Perhaps it’s easy to look at the media landscape and think local journalism belongs in big national networks. After all, in local papers you have behemoths like Gannett and Newhouse. But the papers inside these corporations were started one by one, just as Berkeleyside and others are being created today. Where I grew up there was a local weekly paper that was part of a network of a half dozen other local papers. It’s a fair guess that before that it was the creation of a lone entrepreneur. After I moved someone did a roll-up of these and other Chicago-area local papers, and that in turn was bought by the Chicago Sun-Times at some point. No one had the delusion they could create dozens or hundreds of local newspapers in one go.

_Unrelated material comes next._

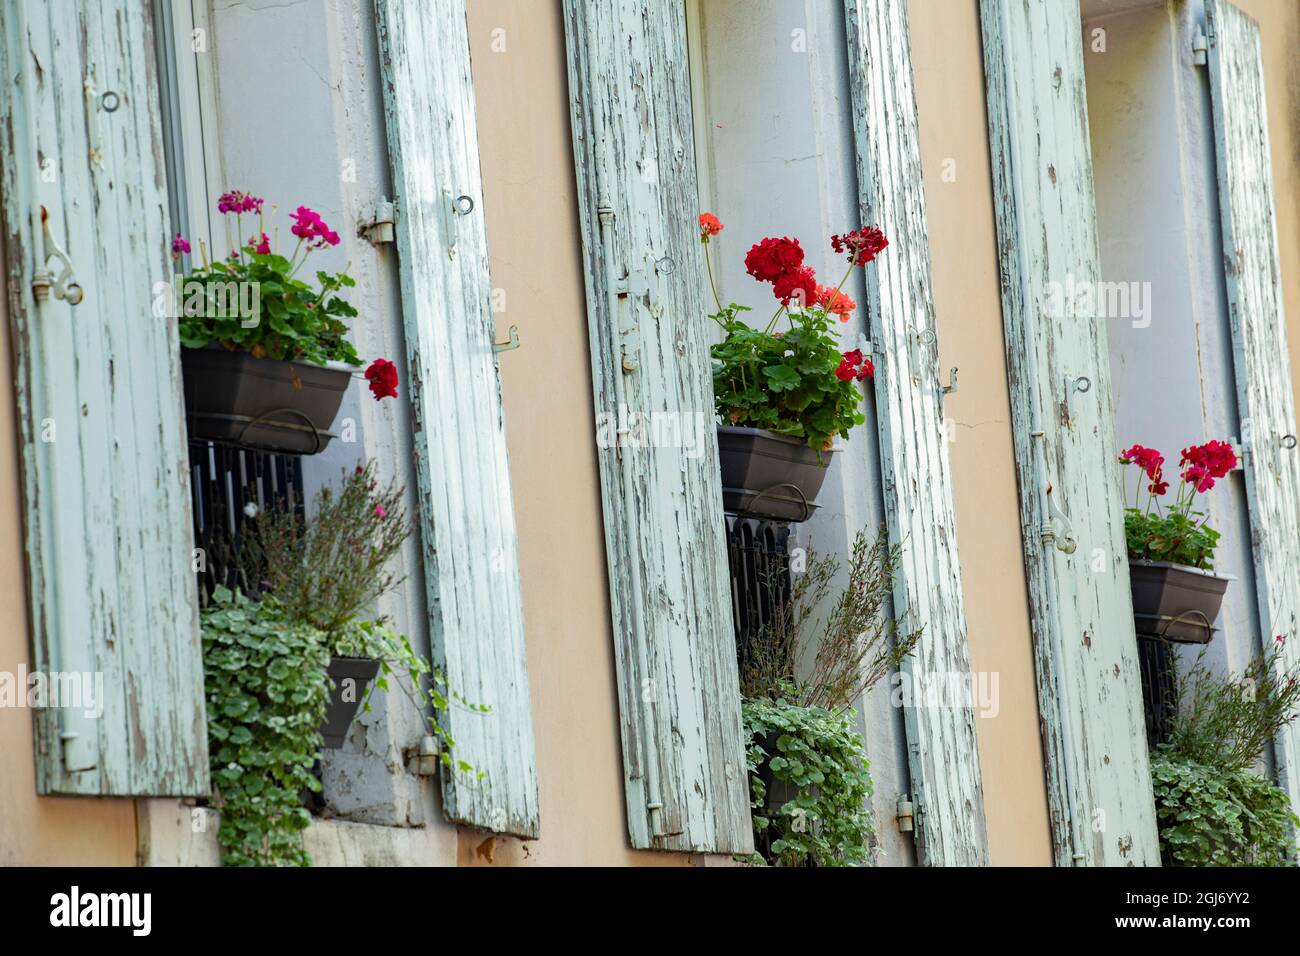 Fleurs dans la fenêtre de la maison Manosque en Provence région du Sud de la France. Banque D'Images

I know our bet is that real journalism wins against “content” (see this excellent analysis of AOL/HuffPo to understand the distinction). I’m happy with that in the long run.
There’s also a commercial logic to our approach that I think is very difficult to duplicate at a national or even regional level. Look at the ads on any Patch site. (That’s a trick: There aren’t any on many Patch sites.) We’re doing well with advertisers, although we still have a long way to go. Why is that? Have you ever spoken to a local business owner? Online marketing is not top of their concerns. They are busy running their business, often struggling to survive in a punishing economy. So our job as a fellow local business is to help them understand just what marketing on the web is all about, a patient task of education. We often have to design their ad. We have to work with them one at a time. That’s only going to happen at an intensely local level.
If and when Patch launches in Berkeley I’ll welcome it. I’m in favor of more news providers rather than fewer. I also believe in the benefits of competition. I can crow about how good Berkeleyside is, but we can certainly improve. A competitor will push us. But in the battle between the truly local and the big corporate giants I think we local yokels have all the crucial assets on our side.